> [What to do]: All of the data goes into your copy exactly as written. Images do not.

> [Data provided]:
== == ==

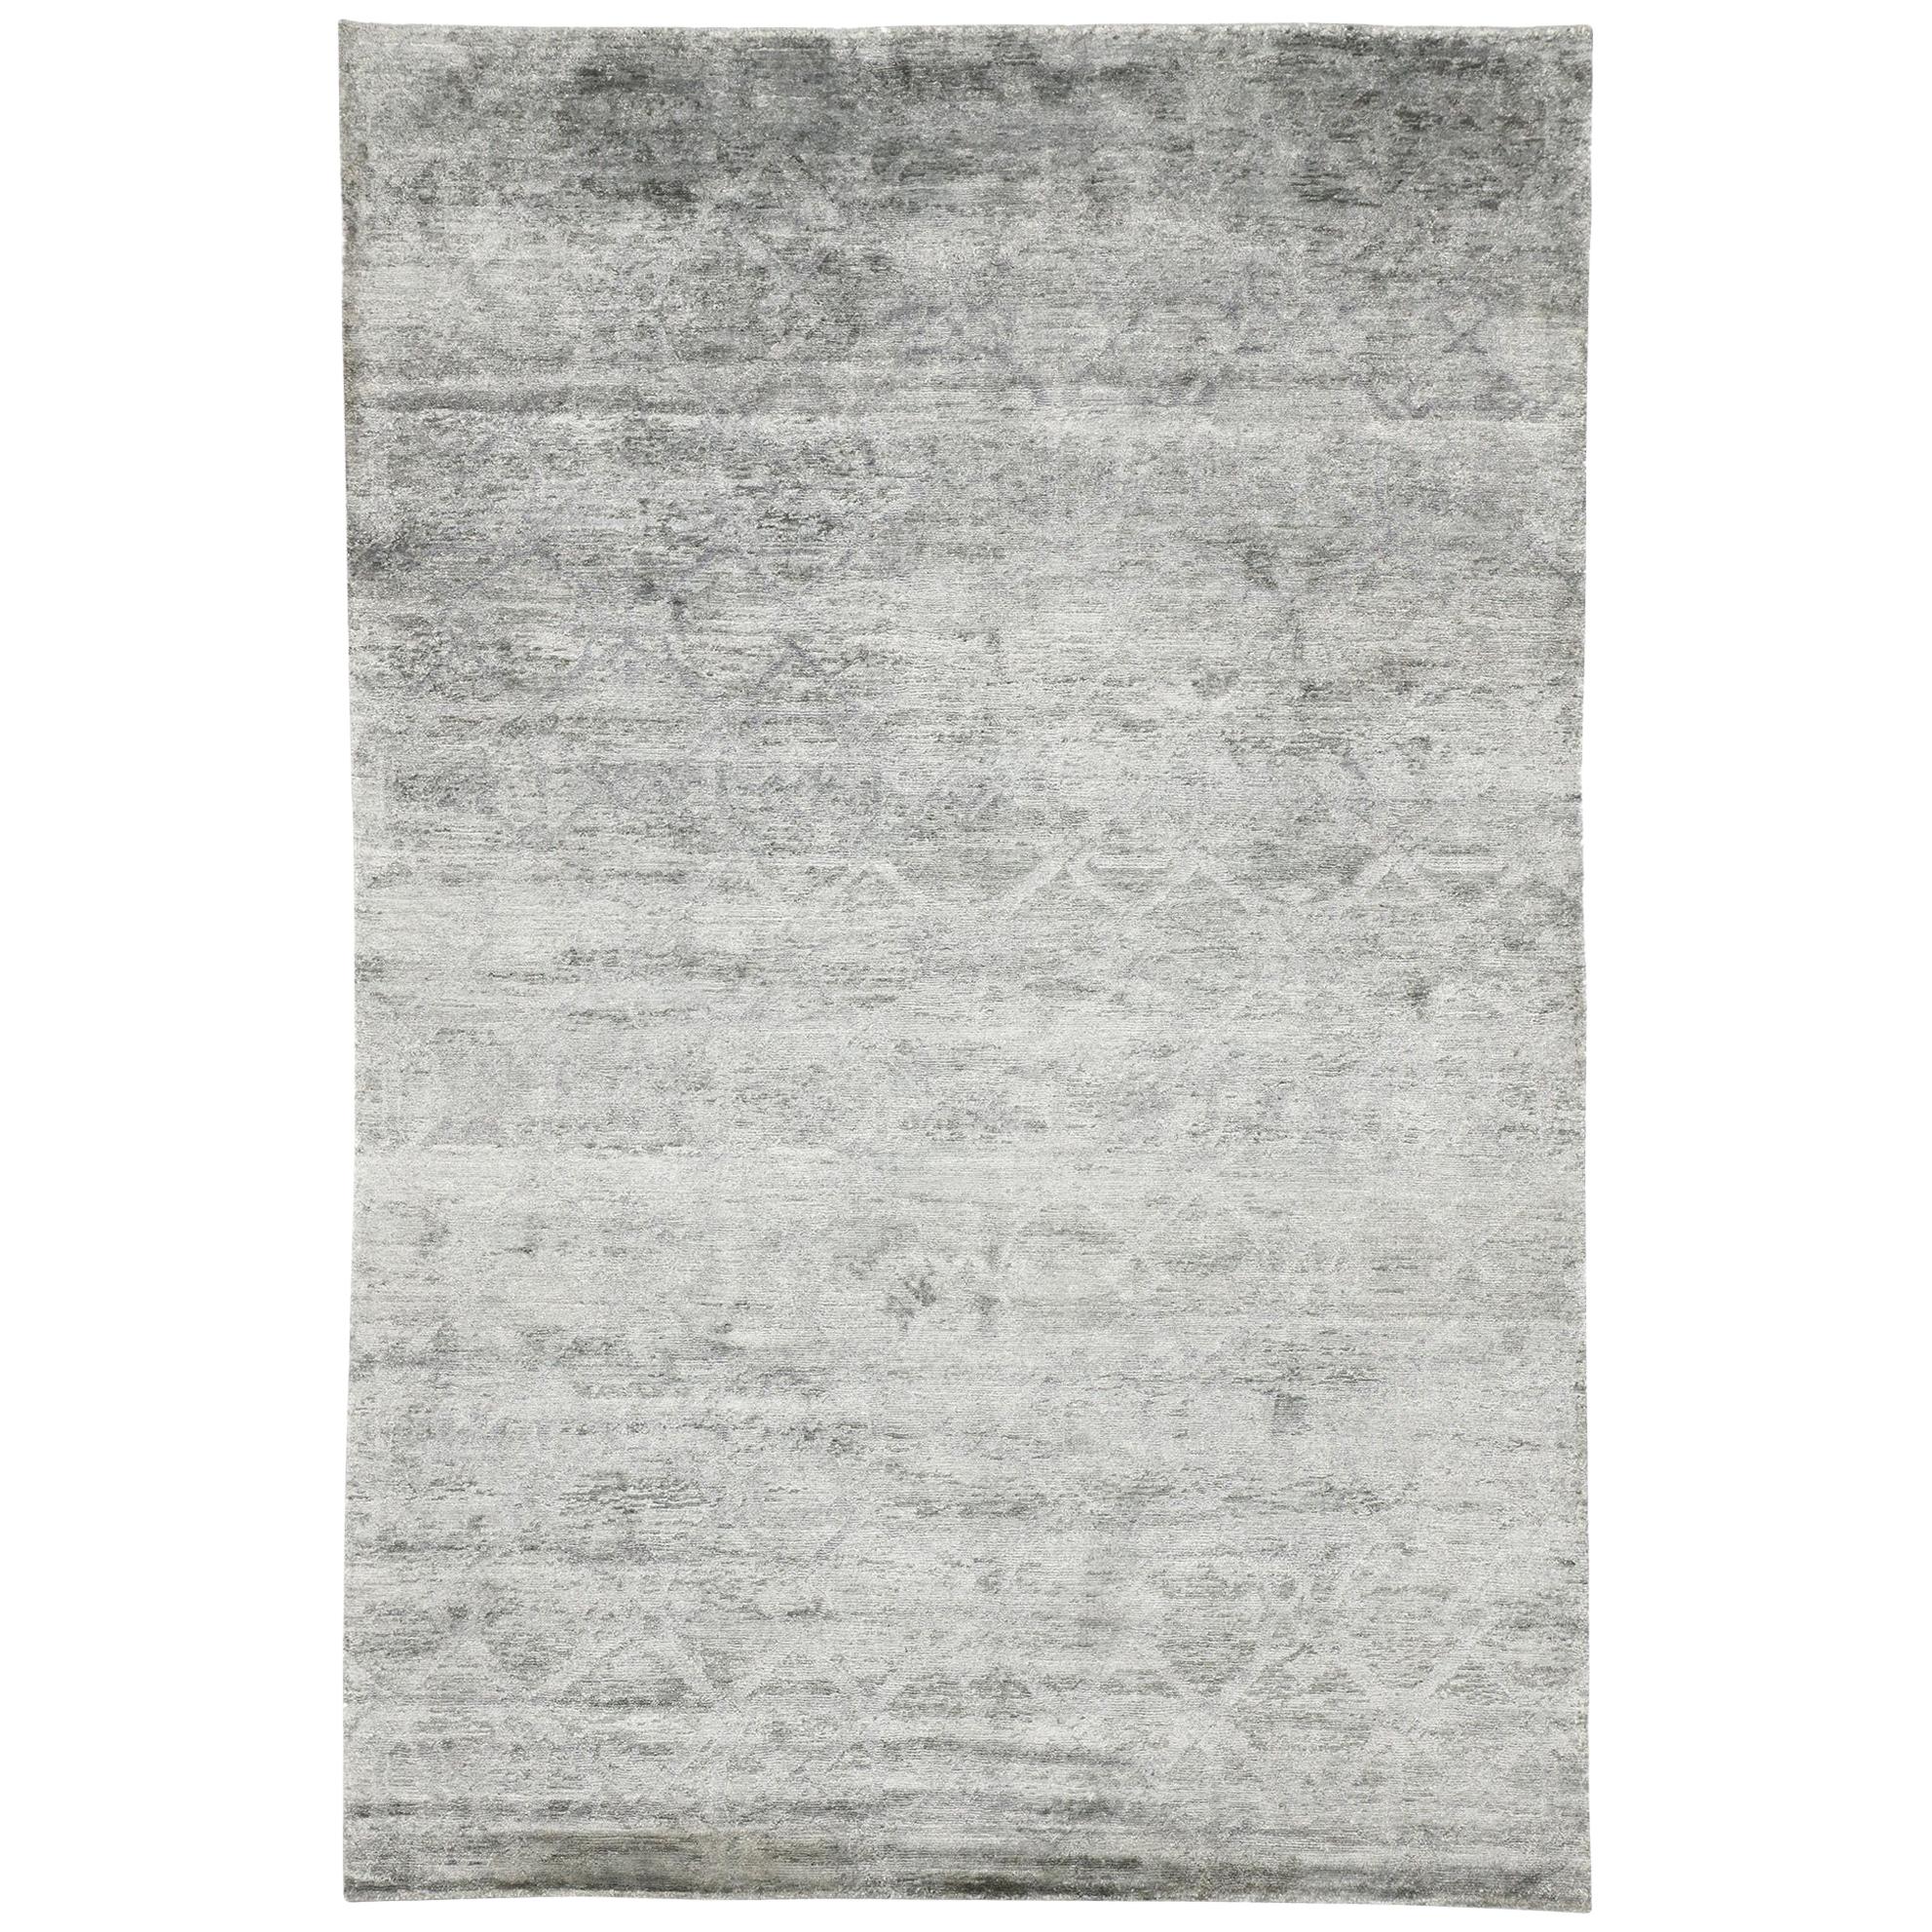 Zeitgenössischer grauer Teppich mit skandinavischem, modernem und modernem skandinavischem Stil
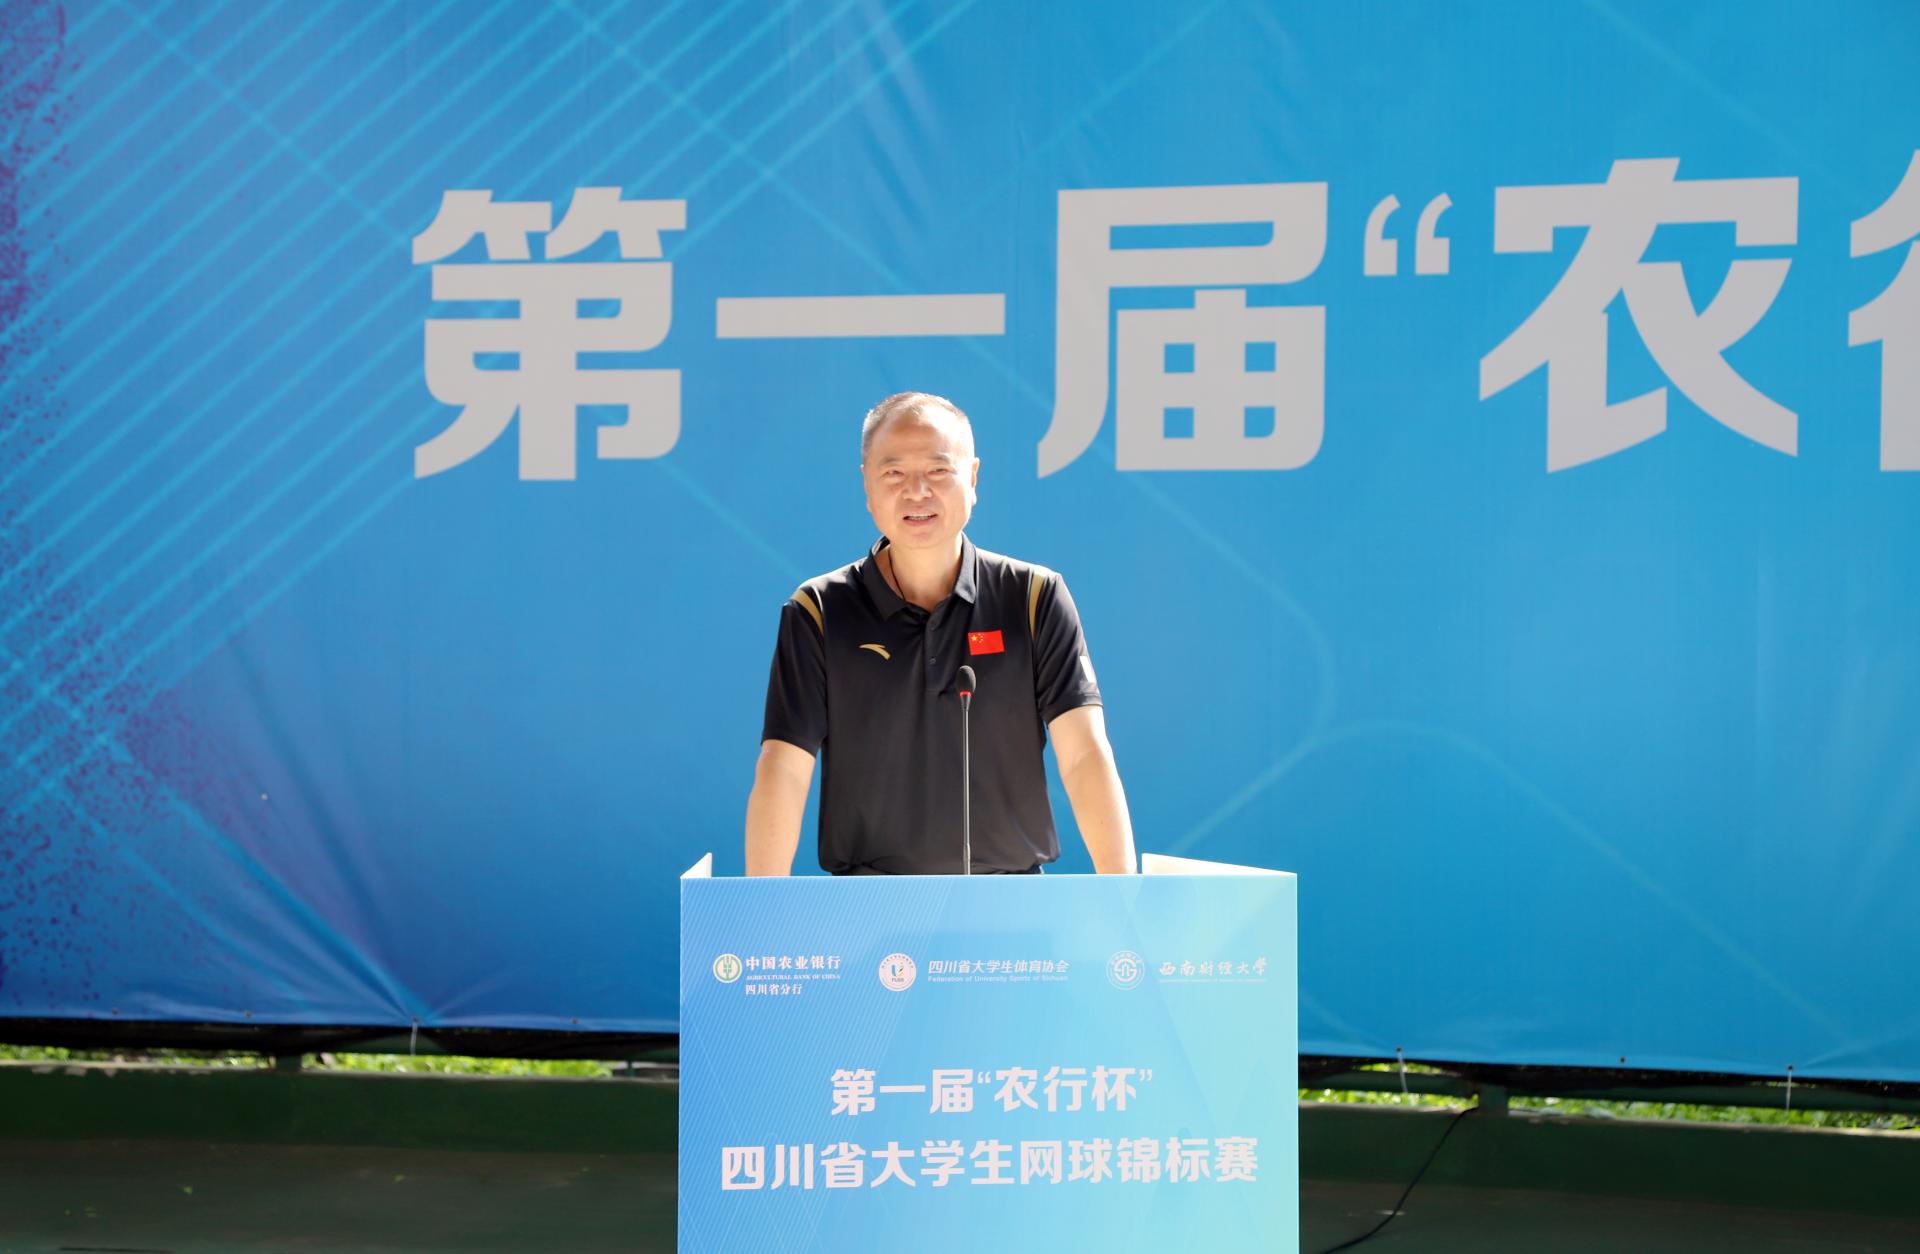 第一届“农行杯”四川省大学生网球锦标赛在西南财经大学圆满落幕
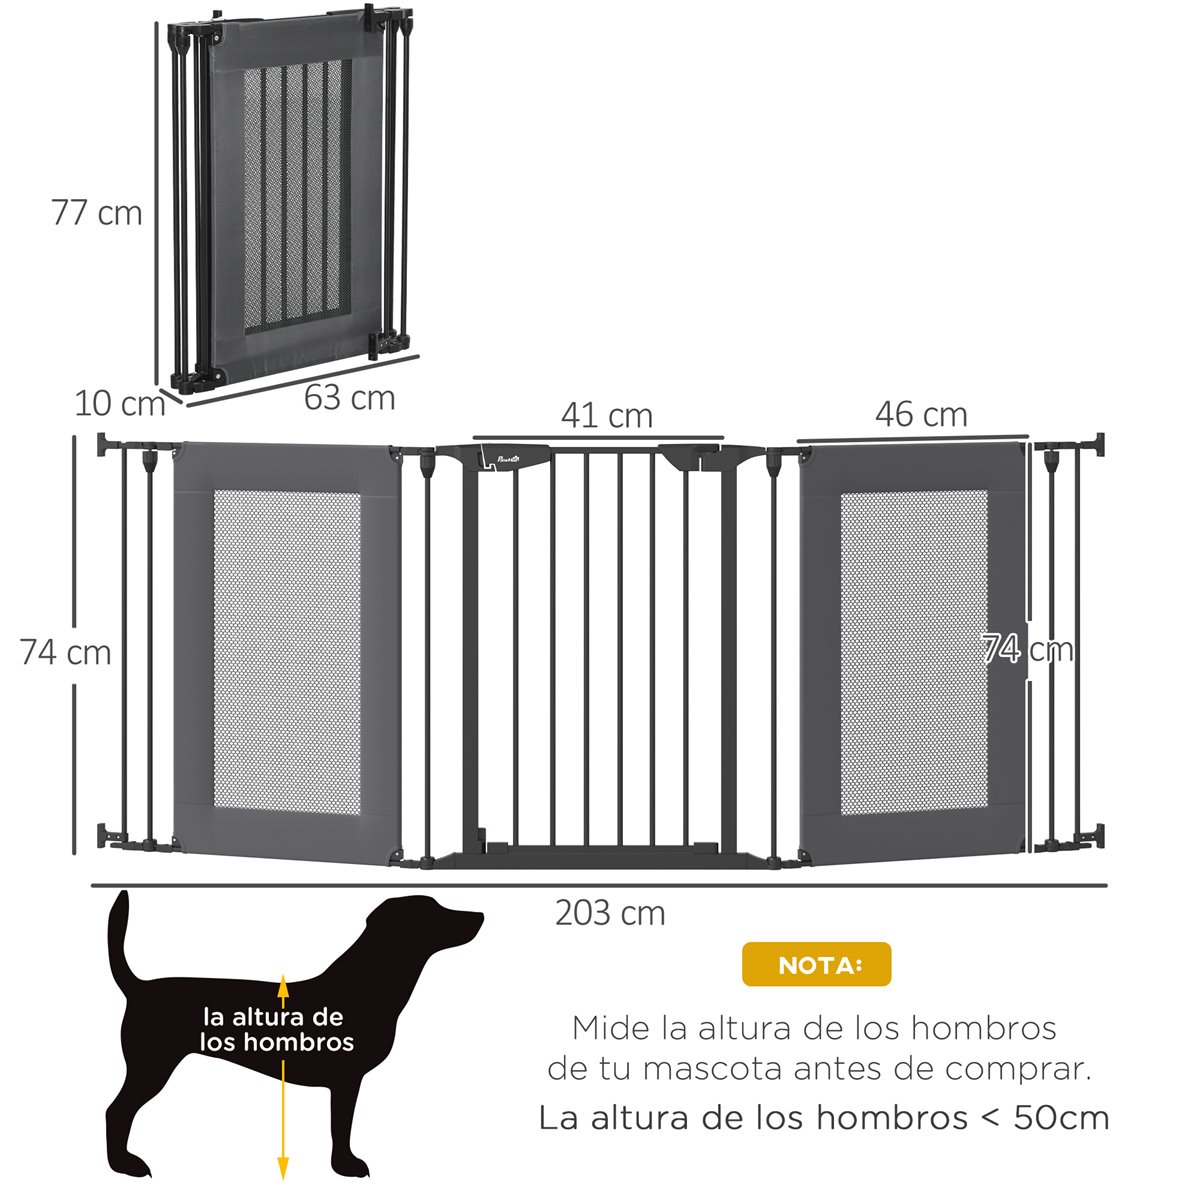 PawHut barrera de seguridad extensible para escaleras gris para perros
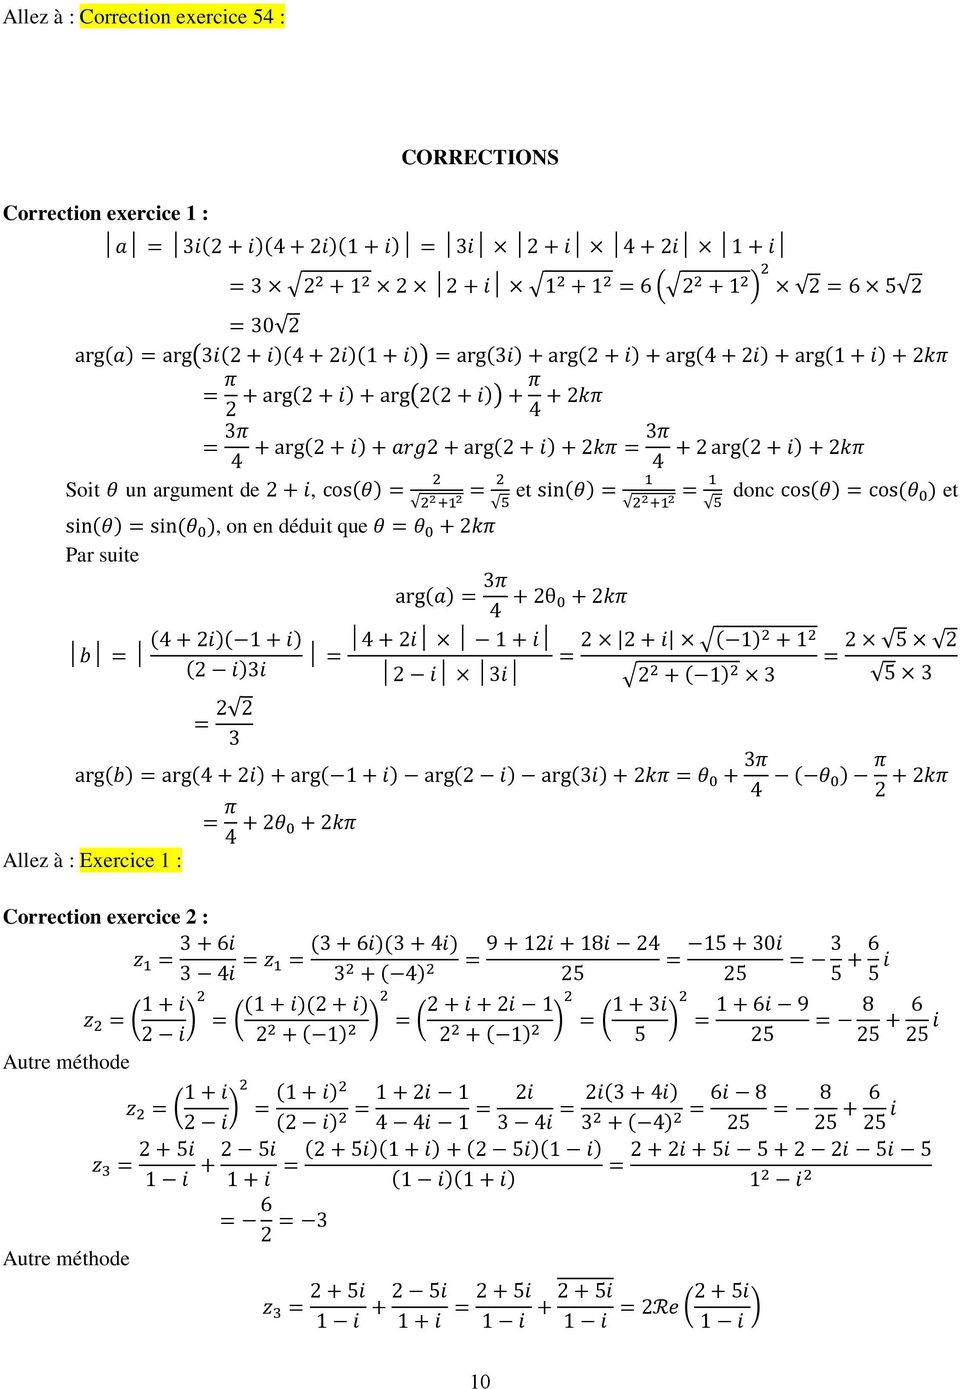 arg(a) π + θ 0 + kπ ( )( 1 ) 1 ( 1) + 1 5 ( )i i + ( 1) 5 arg(b) arg( ) + arg( 1 ) arg( ) arg(i) + kπ θ 0 + π ( θ 0 ) π + kπ Allez à : Exercice 1 : π + θ 0 + kπ Correction exercice : z ( 1 ) Autre

== == ==

> [Written reply]:
 Zeitgenössischer grauer Teppich mit skandinavischem, modernem und modernem skandinavischem Stil
 第一届“农行杯”四川省大学生网球锦标赛在西南财经大学圆满落幕
 PawHut barrera de seguridad extensible para escaleras gris para perros
 arg(a) π + θ 0 + kπ ( )( 1 ) 1 ( 1) + 1 5 ( )i i + ( 1) 5 arg(b) arg( ) + arg( 1 ) arg( ) arg(i) + kπ θ 0 + π ( θ 0 ) π + kπ Allez à : Exercice 1 : π + θ 0 + kπ Correction exercice : z ( 1 ) Autre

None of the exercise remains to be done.